Somewhere along the line, vanilla became synonymous with bland or ordinary.
Which is just plain wrong.
Blame it on a world of Chubby Hubby ice cream and Candy Cane Oreos, where “more” sounds like “better,” where fake flavors bolster profits.
It’s true that vanilla’s aroma, flowery and fragrant, usually gets top billing before its taste, generally described as rich, complex, woodsy or smoky. In any case, decidedly not plain.
Still, in many ways, one of vanilla’s best traits is its ability to amplify other flavors such as chocolate, caramel, custards and more, which explains why it turns up in so many recipes for sweets.
Think of vanilla as a baker’s best friend forever.
The world of vanilla isn’t particularly complicated. And yet shelves stocked with vanilla extract, vanilla paste, vanilla beans, vanilla flavoring and imitation vanilla can make it seem so.
There’s a role for each. It depends on what you’re seeking.
Vanilla originates as a long, thin pod on a tropical climbing orchid, the fruit of a flower that blooms for just one day. Just one.
Pollination must happen on that day, or no pod. That’s led to delicate hand-pollination, which accounts for vanilla’s prices. Plus, the entire cycle of ripening, harvesting, drying, curing and processing takes months.
Vanilla extract is the result of these vanilla pods being soaked in alcohol and blended with water. Some brands also add sugar. Check the labels. (Don’t want alcohol? Use vanilla flavoring, which still is pure vanilla, but made with glycerin or propylene glycol.)
Make your own
With vanilla pods, you can make homemade vanilla extract — as many serious baking books urge. Most recipes call for several vanilla bean pods added to 8 ounces of alcohol, often flavorless vodka, although you can also use bourbon, brandy or rum. Slice open the beans, scrape out the seeds, then add everything to alcohol in a glass jar. Cover and steep for at least a couple of months. The internet is full of details.
The pods also are great for infusing white sugar with flavor and aroma. Just bury a pod or two in a 2-cup container of sugar and use as you would plain sugar.
Vanilla paste mostly is for those times when you want what you’re making to show flecks of actual vanilla seeds.

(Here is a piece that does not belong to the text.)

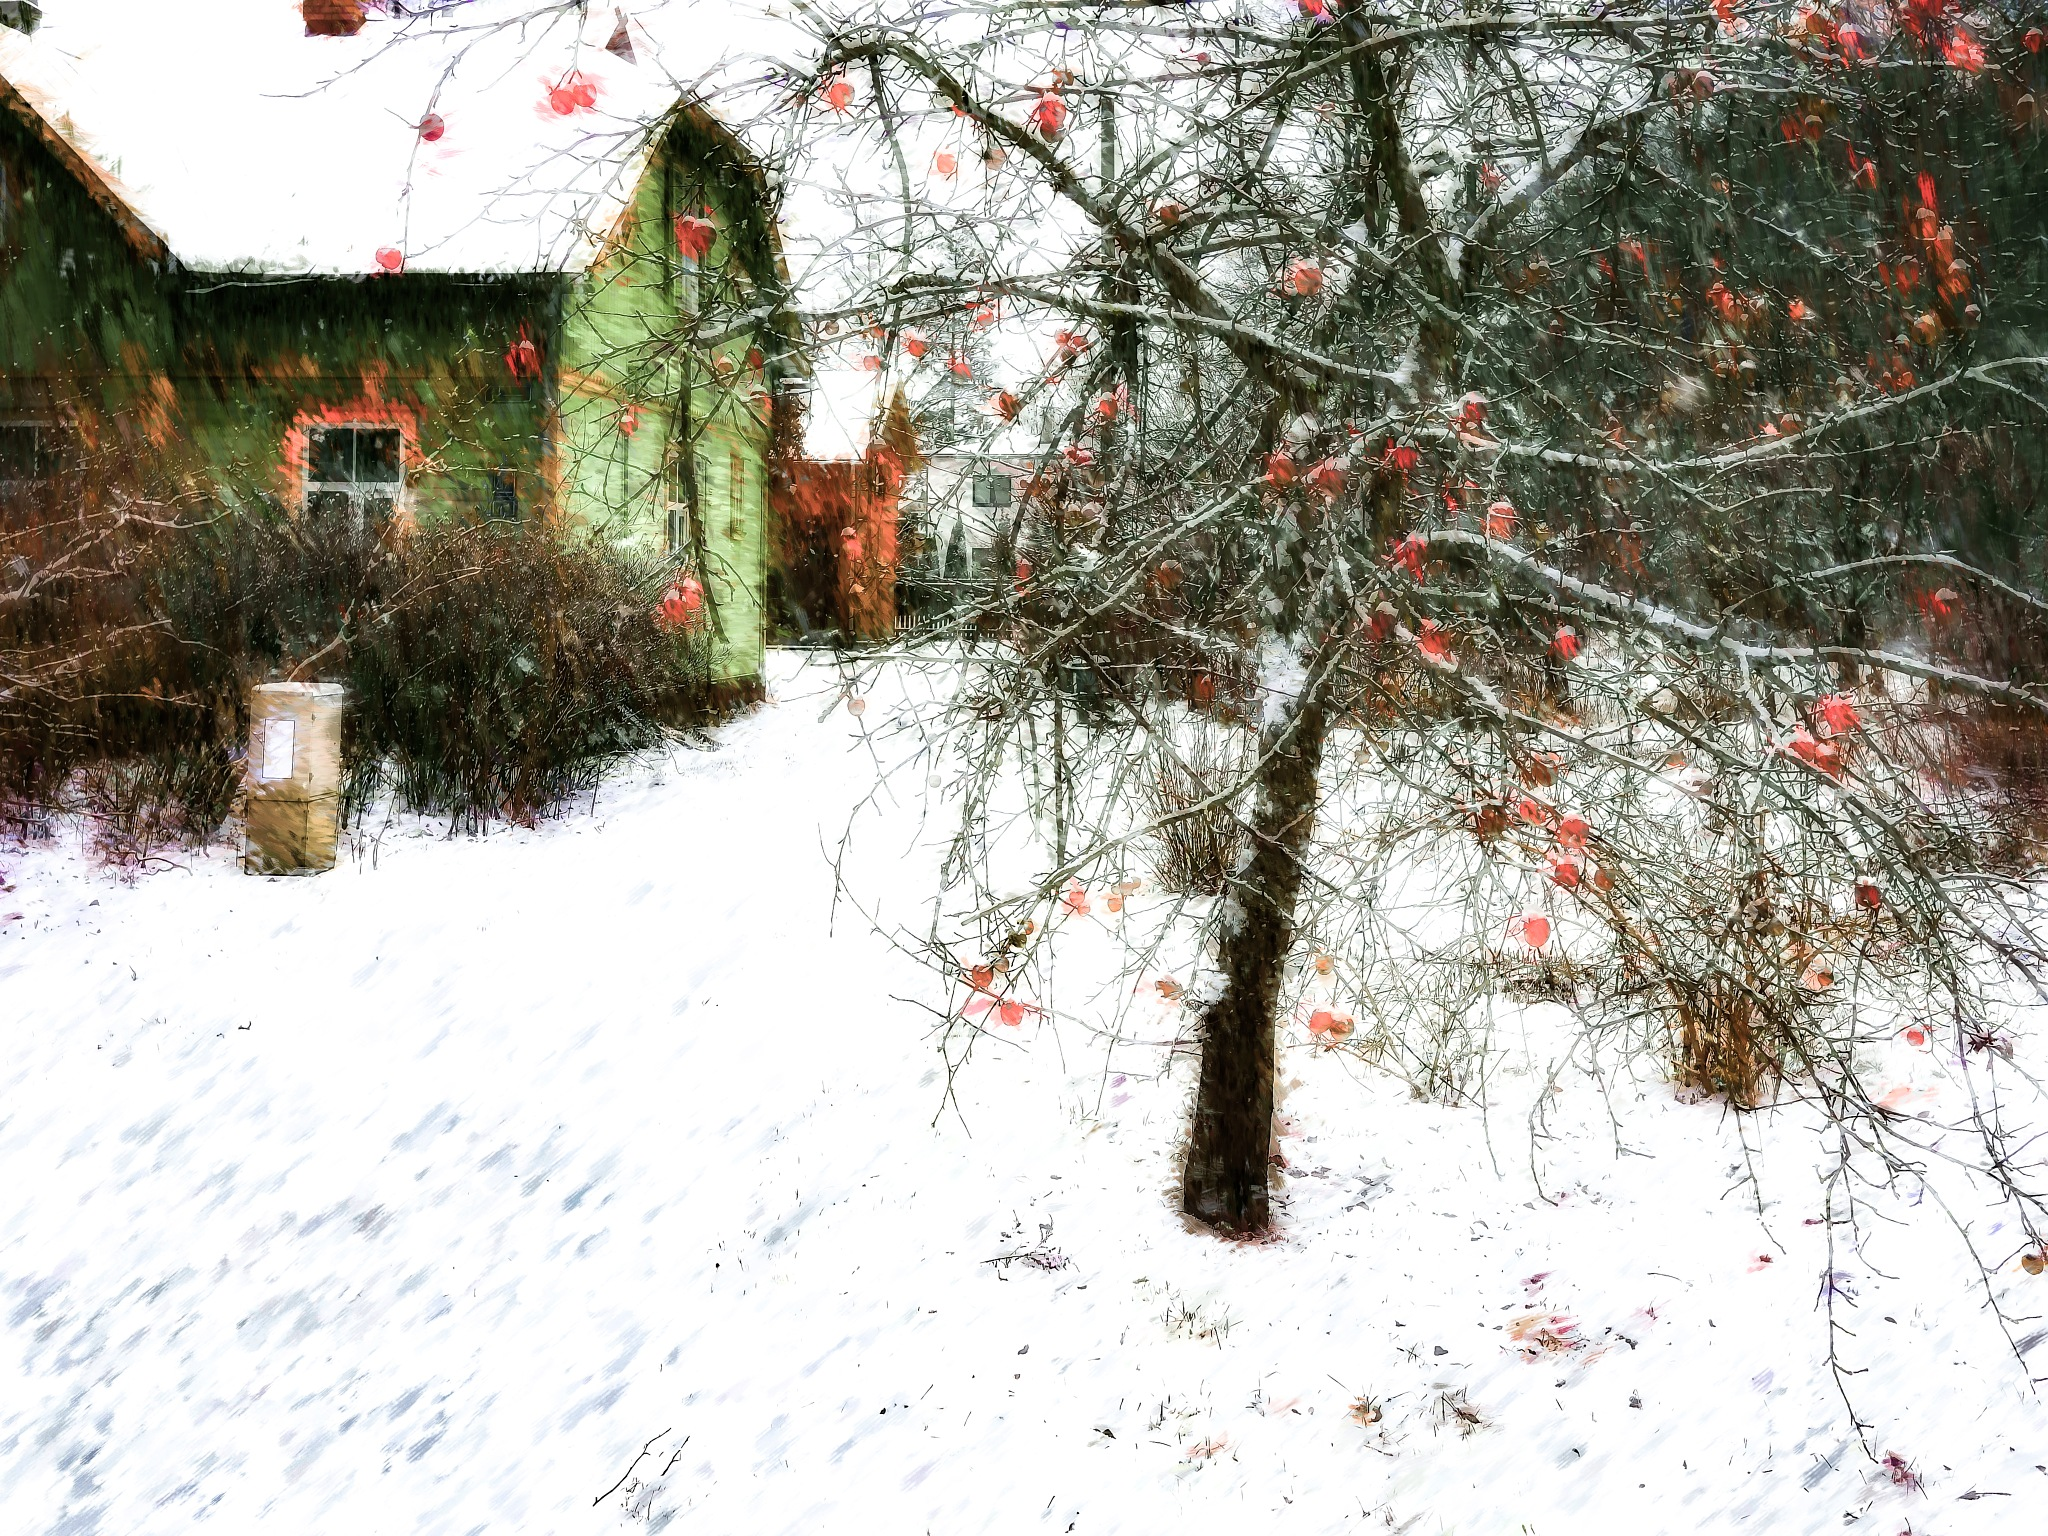 Apple & Snow by Aleksandrs Drozdovs

Vanilla comes in several varieties, with many of the best extracts using pods from Madagascar, valued for their rich and complex flavor. Tahitian vanilla is more floral in nature, while Indonesian vanilla has smokier notes. Mexican vanilla is considered the spiciest of the varieties.

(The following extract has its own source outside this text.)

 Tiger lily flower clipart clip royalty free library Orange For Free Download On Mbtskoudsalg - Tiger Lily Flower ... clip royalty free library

You can order or buy specific vanillas, but many grocery store brands don’t specify origins other than to guarantee that the extract is pure.
All in all, the differences can be subtle, especially when combined with other flavors in a baked good.

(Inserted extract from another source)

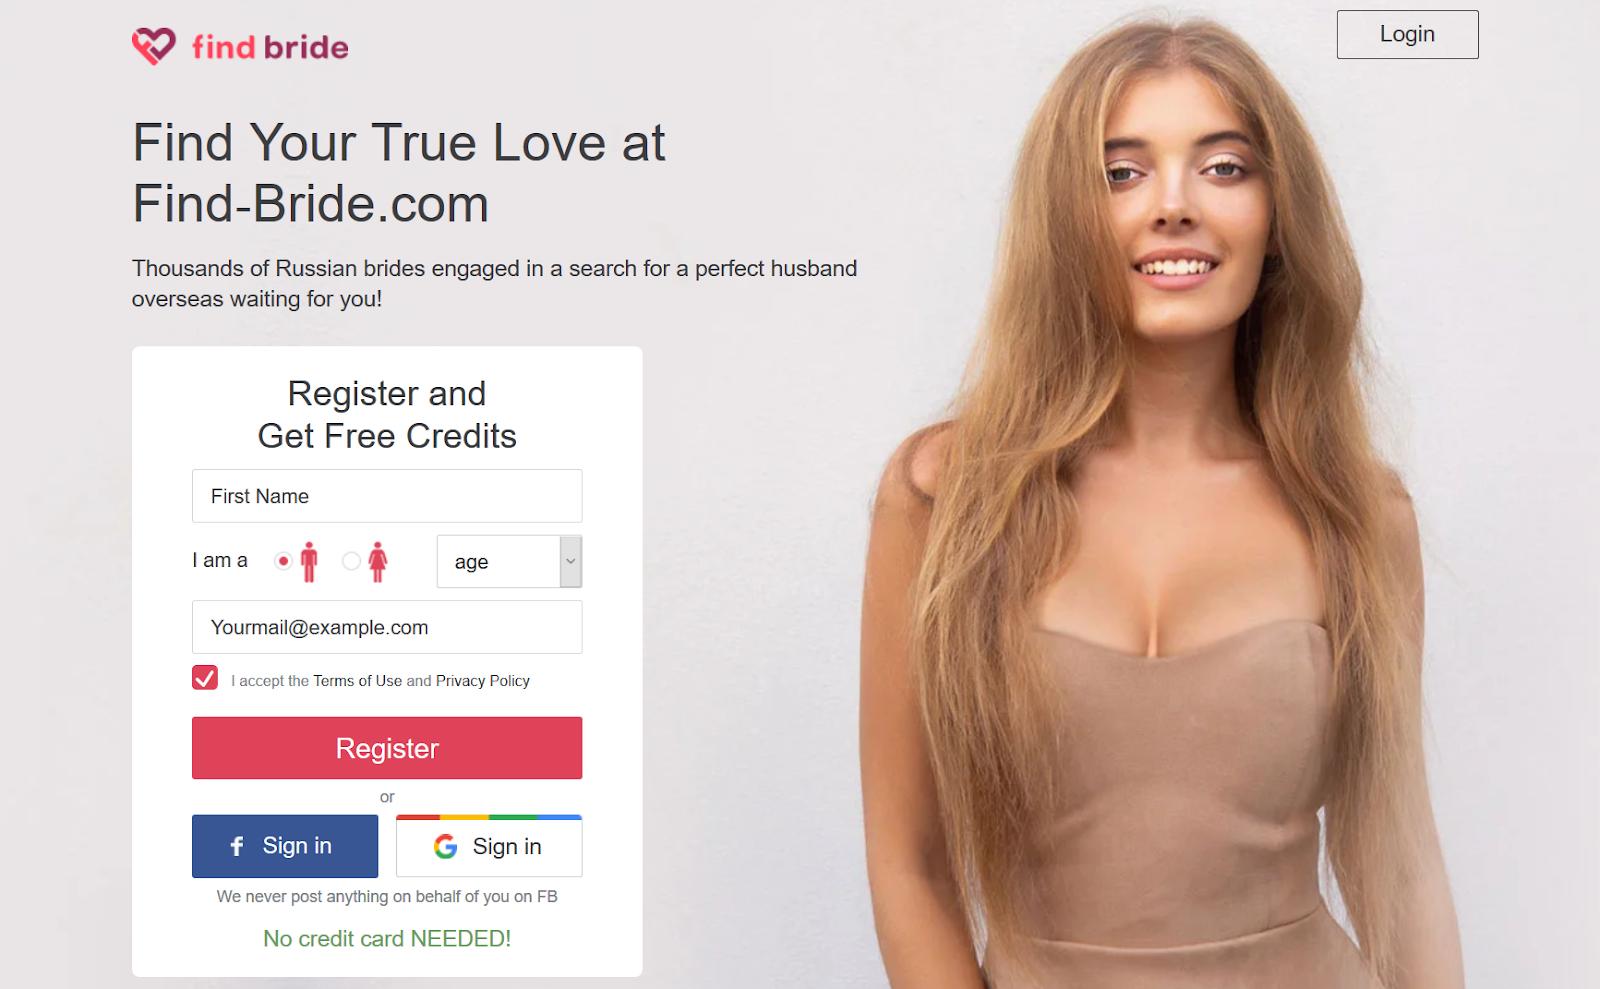 find bride review

Which brings us to imitation vanilla flavoring, and a discussion about heat.
Recipes for custards, fillings and puddings often say to add vanilla after you’ve taken the pan off the heat, and even let it cool slightly.
That’s because vanilla extract’s alcohol evaporates when heated, taking some vanilla flavor with it. So adding it after cooking retains the flavor and is reason enough to use high-quality vanilla.
But what about vanilla in cookie or cake recipes when the batter is yet to be baked? Some say that imitation vanilla is fine for recipes headed for the oven. Even tests by America’s Test Kitchen found that many tasters couldn’t discern a difference in cookies baked with real and fake vanilla.
So if imitation vanilla’s lower price point is a consideration, it’s OK to use it in baked goods, especially those not dependent upon vanilla flavor.
Some bakers, however, will always use genuine extracts in any recipe — because they’re genuine.
Our Vanilla Pound Cake recipe celebrates pure vanilla, using a generous dose of extract and vanilla sugar, as well. It tastes great, but an unexpected benefit for the baker is the extraordinary aroma of this cake as it bakes.
It’s a winner, plain and simple.
Vanilla Pound Cake
Note: A Bundt pan is best, but a tube pan (angel-food cake pan) works fine, too. If you have vanilla sugar on hand, substitute it for some or all of the sugar here for an extra boost of flavor and an amazing aroma. To make vanilla sugar, simply bury a pod or two in a 2-cup container of sugar and use as you would plain sugar. From Kim Ode.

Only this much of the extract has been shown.